Records for the exercise —
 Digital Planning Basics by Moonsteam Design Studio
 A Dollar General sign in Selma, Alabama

---

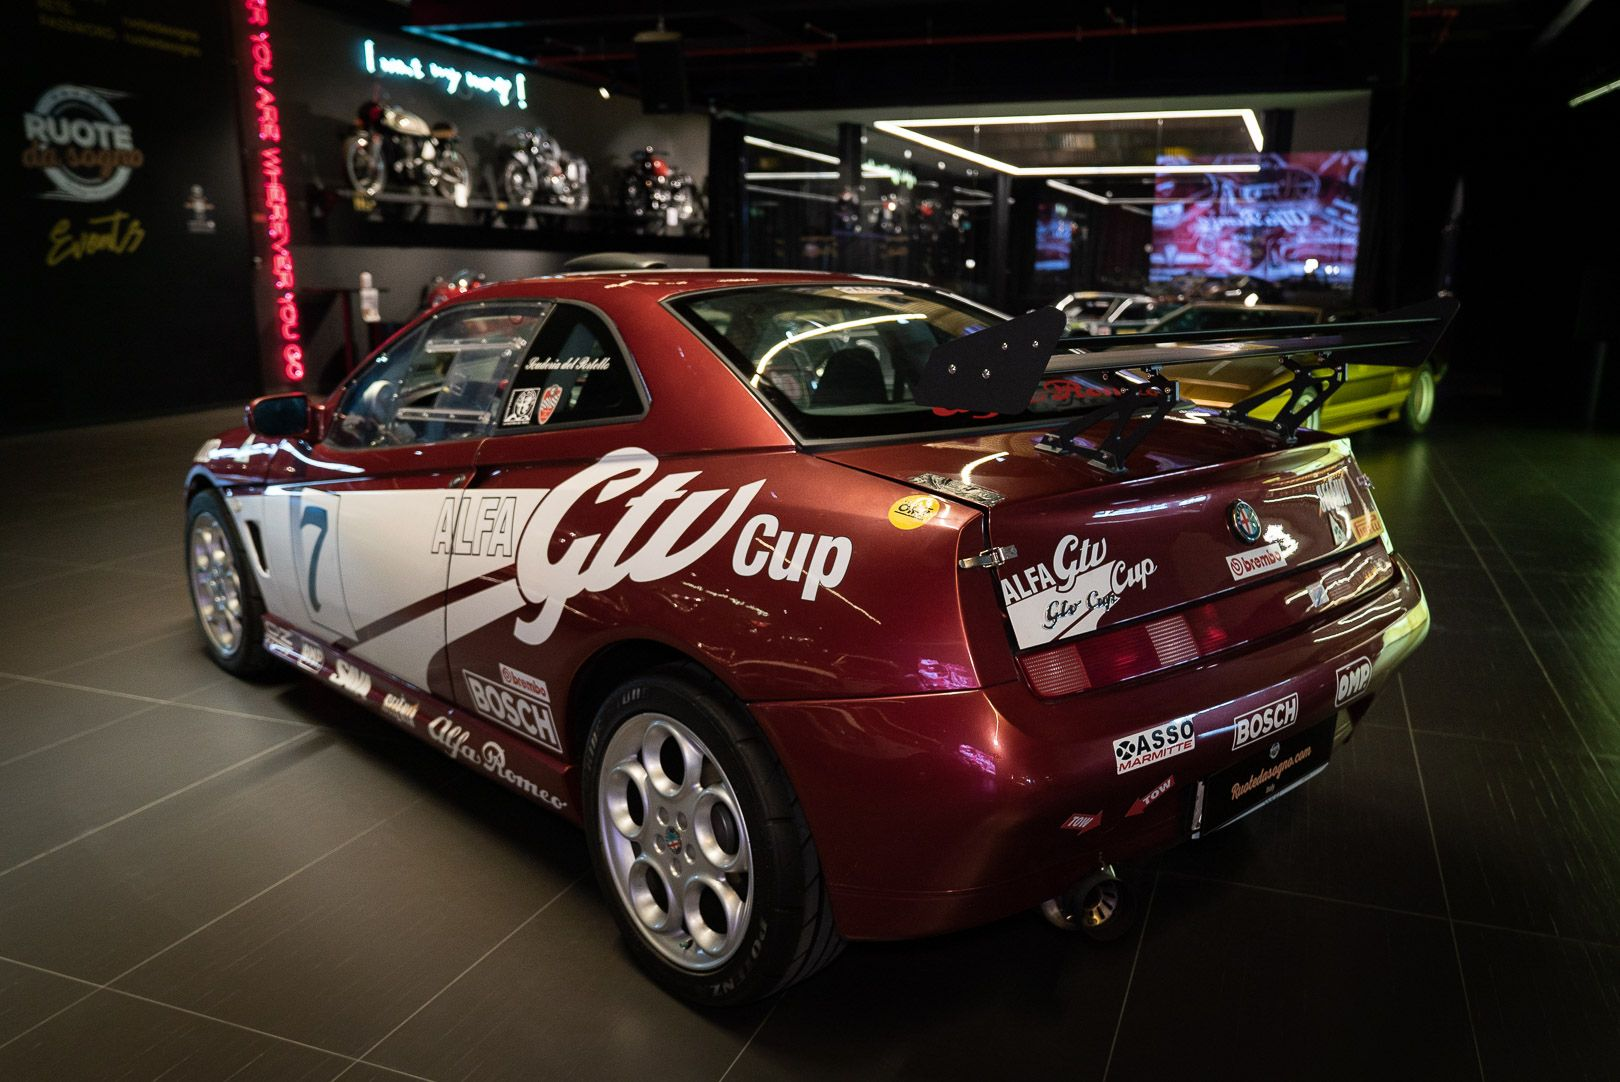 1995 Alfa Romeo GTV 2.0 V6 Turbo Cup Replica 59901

Problem to work on — An exact copy of the lines above, from the one containing "Digital Planning Basics" through the one containing "A Dollar General sign in Selma, Alabama", is the whole of the answer.

Task solution —
 Digital Planning Basics by Moonsteam Design Studio
 A Dollar General sign in Selma, Alabama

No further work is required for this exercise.